In most cases, women are the cause. The explanation is very simple: there are two hostesses under the same roof. Mother and daughter or mother-in-law and daughter-in-law - often does not matter. In any case, the old mistress does not want to give up her leading role in the house, but the new one also has her own view of the way of life, she wants to change something, remake, improve.

In fact, an apartment from an isolated one becomes a communal one, where two families live and where both housewives have equal rights, with the only difference that close people live under the same roof.

From this, however, the number of conflicts does not decrease, but increases.

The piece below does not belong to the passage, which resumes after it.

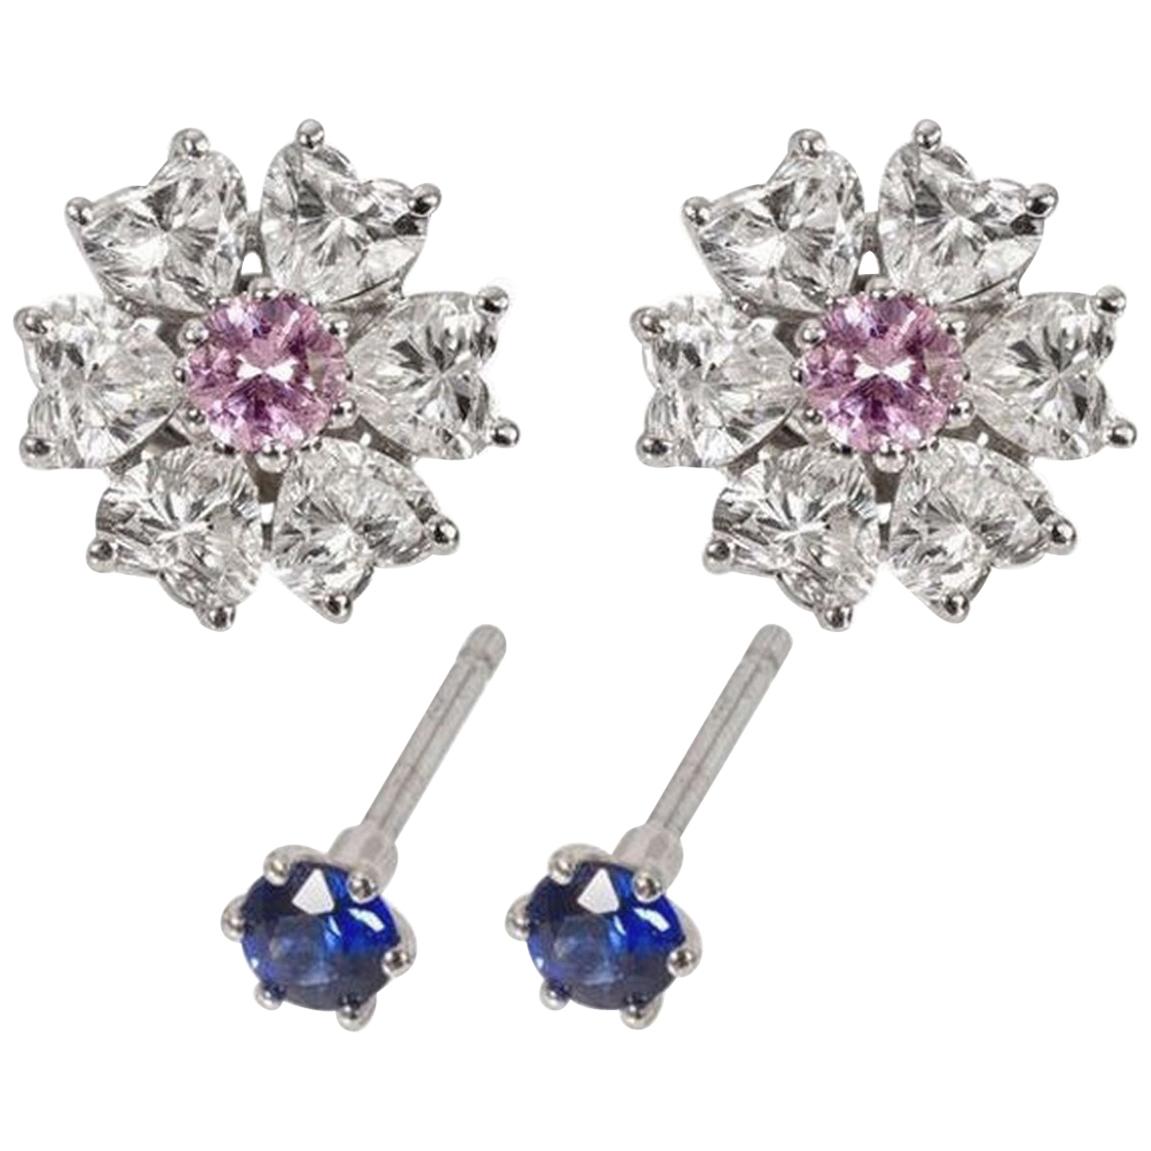 4.05 Carat Floral Interchangeable Diamond &Gems Earrings Set with Heart Shape

The mother or mother-in-law, on the rights of a loved one, considers it necessary to give the young mistress advice where an outsider would not notice an oversight.

The situation, as a rule, is not saved even by the fact that the young wife is studying (working) or the mother-in-law (mother) is sick. There is always time for criticism or discontent. And this is done out of the best intentions, from the desire to prompt, advise how to do it better and more correctly.

In doing so, an elderly woman wants to feel her usefulness to the young, wants to help them at first in creating a friendly and strong family. And every rejected advice is a reason for resentment and quarrel.

Life convinces: all misunderstandings cannot be avoided, but it is not only possible, but also necessary to reduce the number of conflicts. First of all, in accordance with the norms of etiquette, a young couple should in every possible way emphasize their respect for their mother-in-law (mother-in-law), showing concern for her. Any advice, even if you are not going to follow it, is accepted with gratitude. If there is a threat of conflict, the young should nip it in the bud. This behavior does not humiliate - it elevates a person as a person.

A lot, of course, in cohabitation with a young couple depends on the mother-in-law (mother-in-law).

  • It must minimize interference in the lives of young people.
  • It must be remembered that this advice at the wrong time causes a backlash.
  • Restrain yourself, do not show your displeasure for any reason.
  • Don't ask your son-in-law or daughter-in-law to call yourself a mother. It is quite permissible (and even more acceptable - the mother is still one) address by name and patronymic. Etiquette allows it.
  • Do not discuss the actions of the son-in-law in the presence of the daughter and the daughter-in-law in the presence of the son. Thus, you not only show tactlessness, but also turn them against yourself. Critical remarks are best made tactfully and without witnesses. Better yet, keep silent.
  • Do not use yourself, your youth as an example. It will not be useful.
  • Do not give unsolicited advice, let alone instructions. Phrases like “your room is dirty” or “you need to wash the dishes after you right away” - interference in someone else's life. Although young, they are close to you, but they have their own family and their own life.
  • More often remember your own youth, how you lived under the same roof with your mother or mother-in-law, how many insults you had to endure. This will help you avoid their mistakes, and peace and tranquility will reign in the house.
  • What should be the etiquette in dealing with other relatives?

    The reader may find this chapter superfluous. “What it says has not been observed for a long time,” he says. Perhaps he will be wrong. After all, to observe is one thing, but to know is quite another. We assure you: there will certainly be a moment in life when this knowledge will be useful to you.

    when visiting a husband in the presence of other ladies, give preference to his wife. For this, he has a lot of other possibilities.